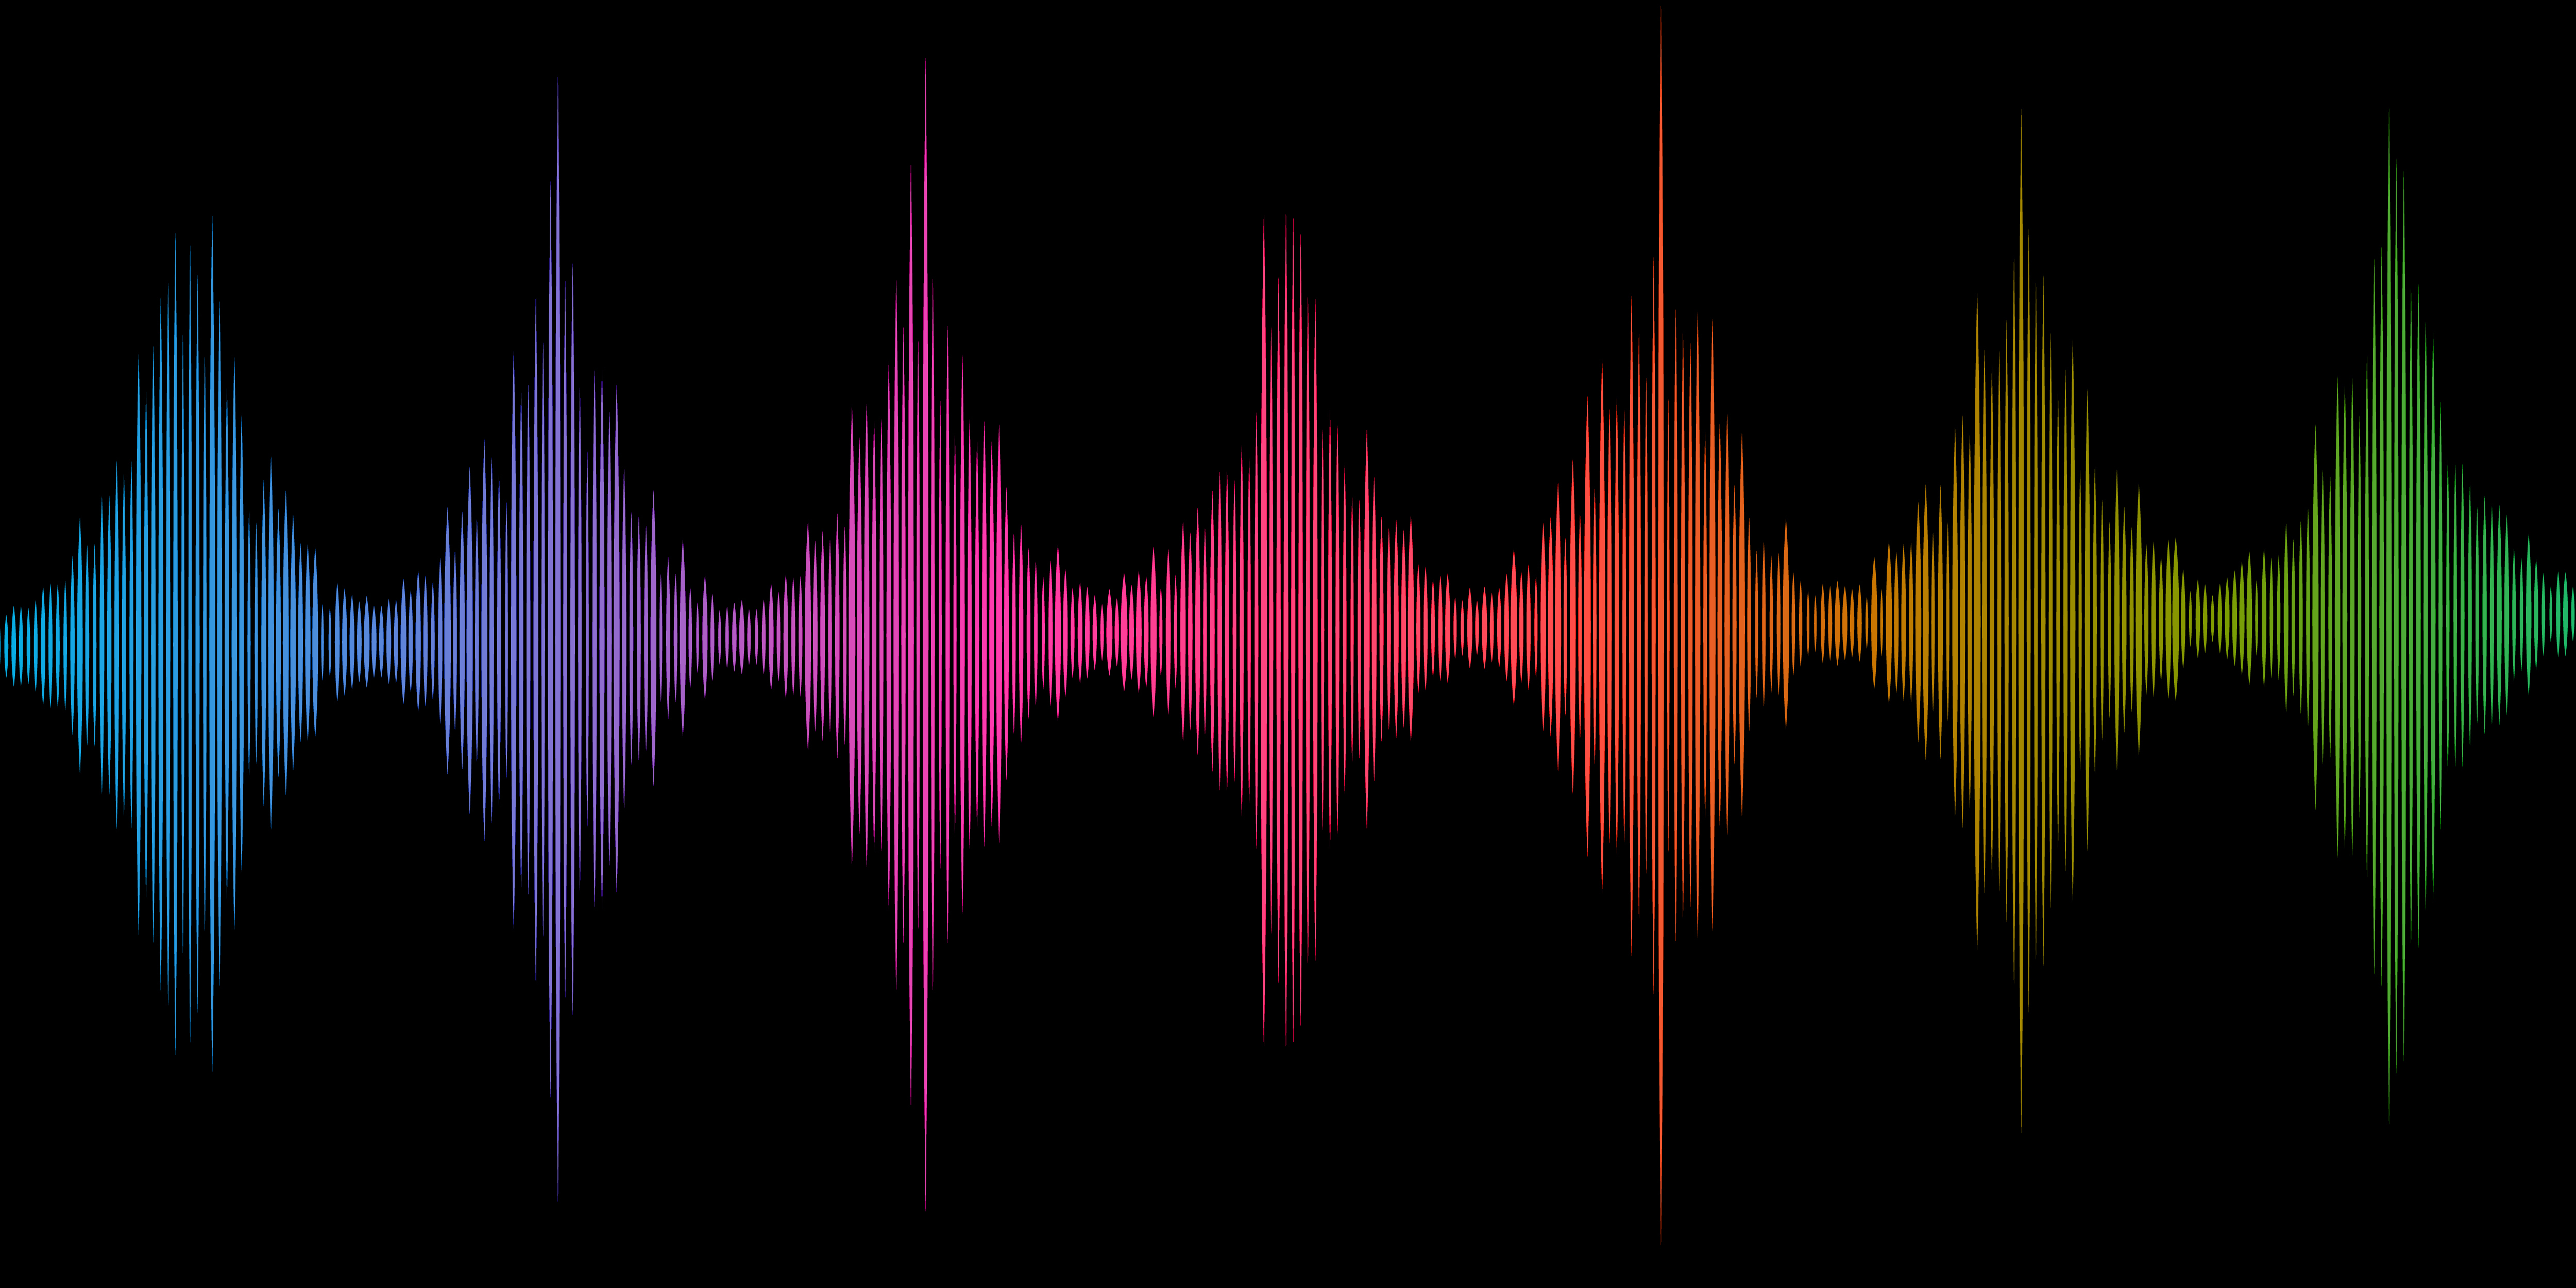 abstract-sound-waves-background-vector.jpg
==
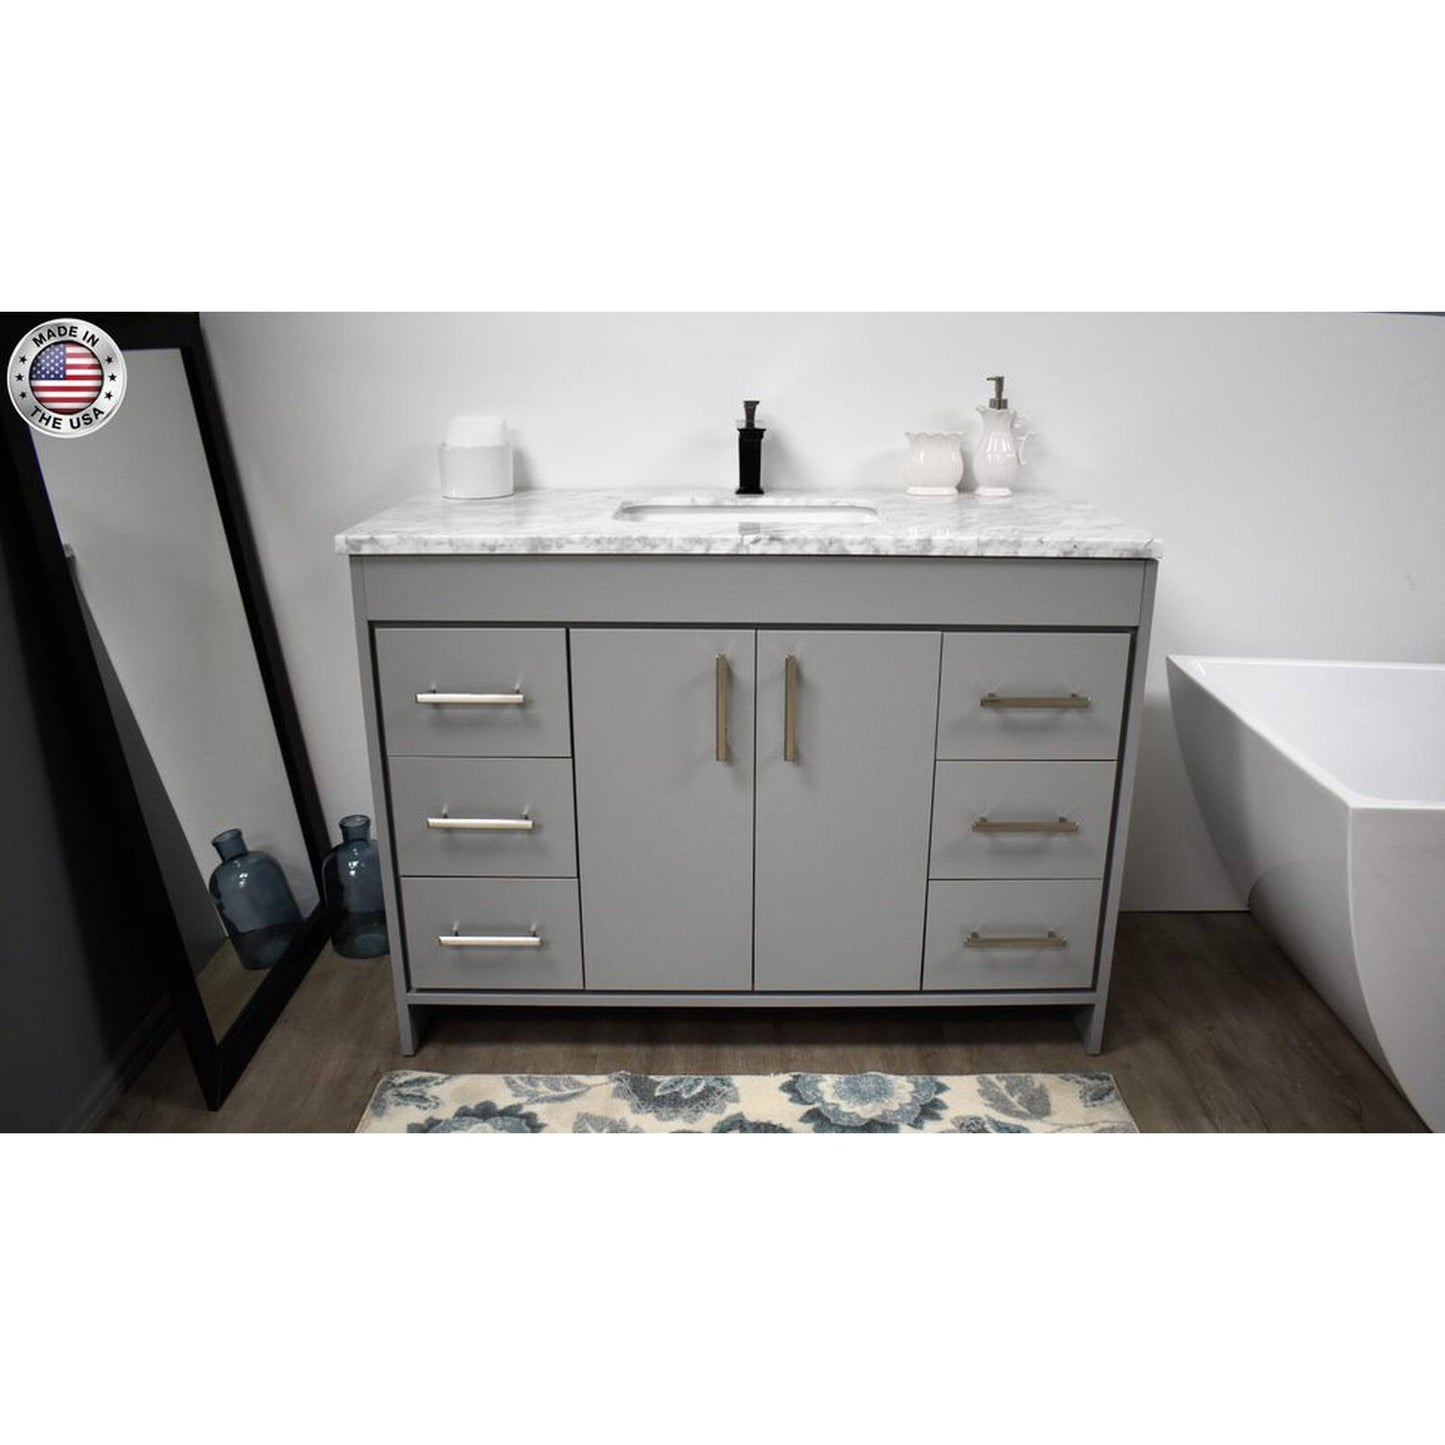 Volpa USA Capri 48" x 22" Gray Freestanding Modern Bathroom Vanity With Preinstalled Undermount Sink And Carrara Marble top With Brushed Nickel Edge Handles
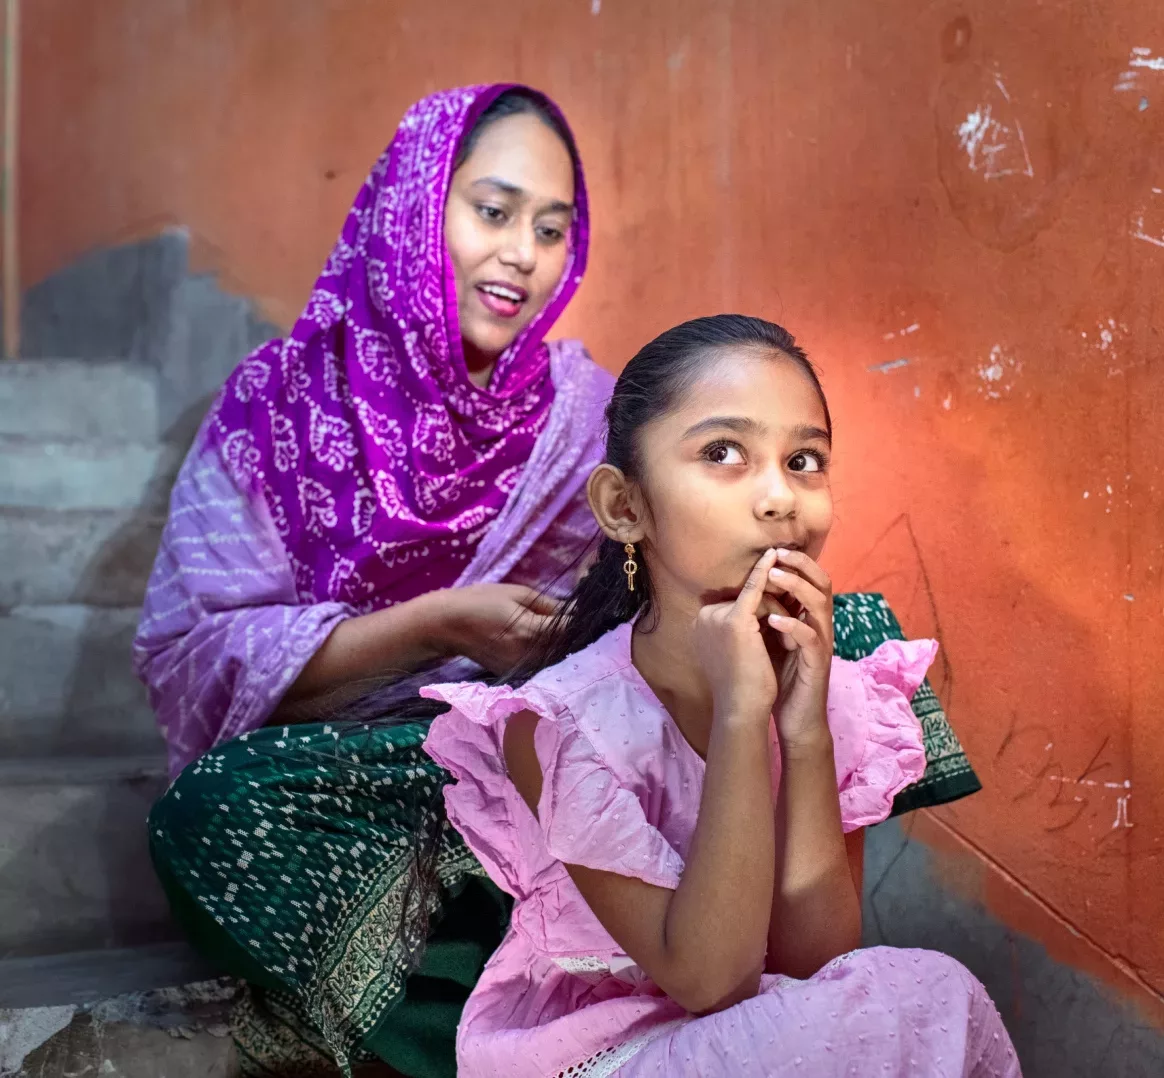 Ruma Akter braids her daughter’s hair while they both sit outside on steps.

## Exercise directions
Would you please repeat only the lines above, beginning at the one that has "Volpa USA Capri" and stopping after the one that has "Ruma Akter braids her", exactly and with no pictures?

## Expected answer
 Volpa USA Capri 48" x 22" Gray Freestanding Modern Bathroom Vanity With Preinstalled Undermount Sink And Carrara Marble top With Brushed Nickel Edge Handles
 Ruma Akter braids her daughter’s hair while they both sit outside on steps.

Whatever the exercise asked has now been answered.